Pellizza’s “Ambassadors of Hunger” (1891) is distinguishable as social sympathy mainly by its title. The success of his magnificent “The Fourth Estate” (1898-1901) lies outside the realm of politics despite his aim to move painting “toward an organic, socialist reality.” A panoramic cortege of workers marches solemnly toward the rising sun, a symbol of the future associated with May Day celebrations — inaugurated in 1890 — and the Socialist International. Even in its day, the chromatic harmony and formal perfection drew comparison with French muralist Puvis de Chevannes.

Conversely, Longoni’s strident “The Orator of the Strike” (1891) is unresolved in its anatomy, foreshortening and background elements. But the stance and the raised fists of the crowd ratify “the politics of the masses” and illustrate what the catalog terms ”the ethical nature of the relationship between Divisionist technique and political revolution.” Longoni’s unsubtle “Reflections of a Starving Man” (1894) identifies the class enemy: two bourgeoisie glimpsed through a cafe window. The painting presages the tenor of art for which Mussolini’s propaganda apparatus established the Cremona prize in 1937.

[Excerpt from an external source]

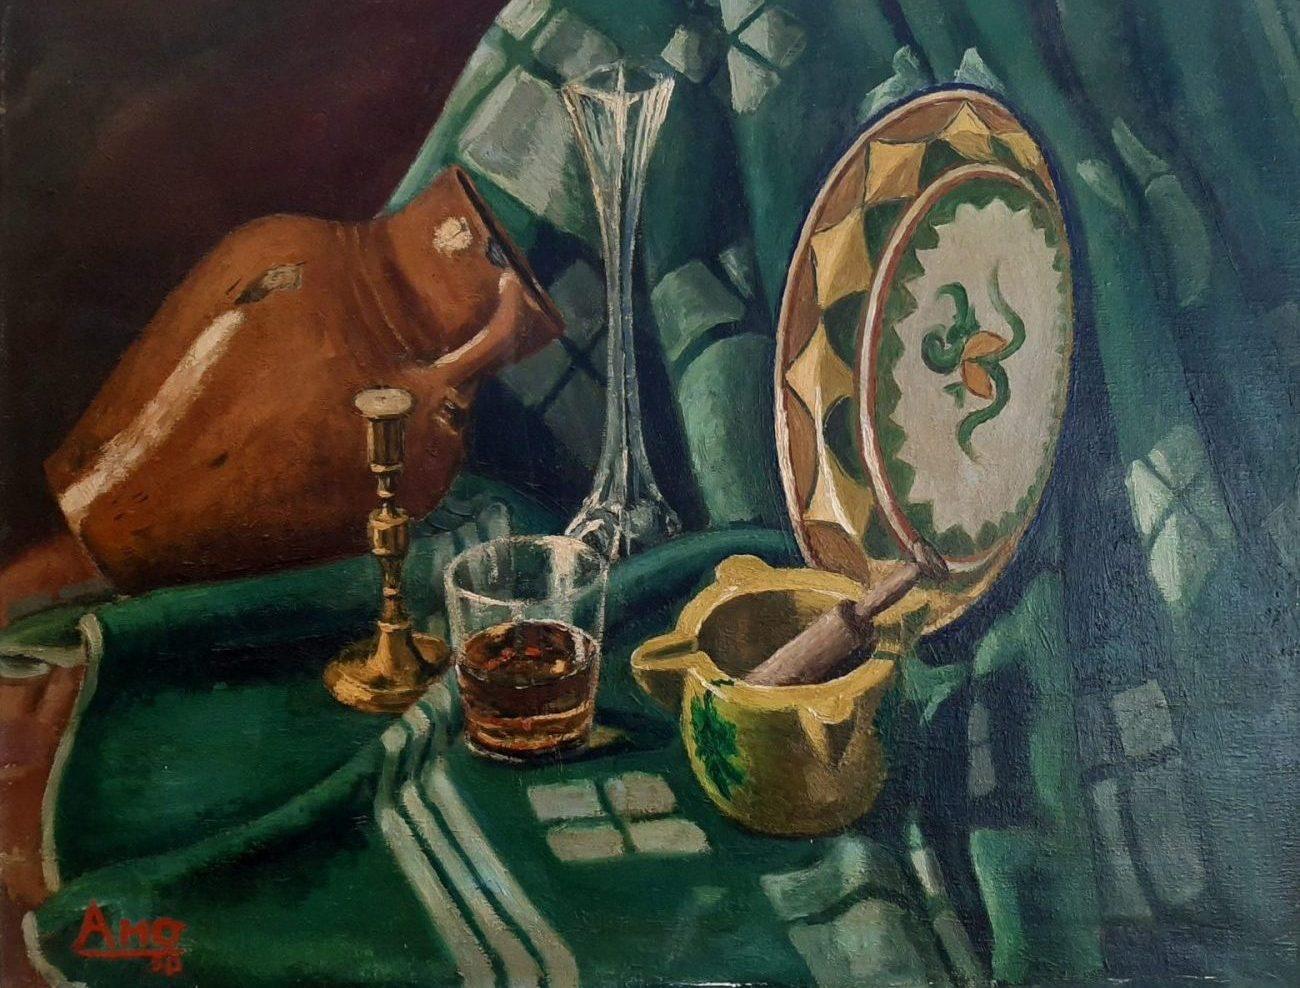 Juan Amo (1950). Bodegón. Óleo - Lienzo. Colección Privada.

Several works under Social Problems were completed in 1891, the year of Pope Leo XIII’s famous “Rerum Novarum,” his first encyclical on the situation of the working class strained by industrializaton. Leo’s renowned articulation of man’s natural right to “a living wage” and a voice in his own working conditions reverberated more profoundly than any painting. Yet the exhibition’s chronicle of the era’s politics omits the great labor pope. The omission miscolors fin-de-siècle Italy. But among vanguardists, art is the sole tenable stimulus to the habit of justice.


“Arcadia and Anarchy: Divisionism and Neo-Impressionism” the Solomon R. Guggenheim Museum (1071 Fifth Avenue at 89th Street, 212-423-3840)

This review appeared first in The New York Sun, April 26, 2007.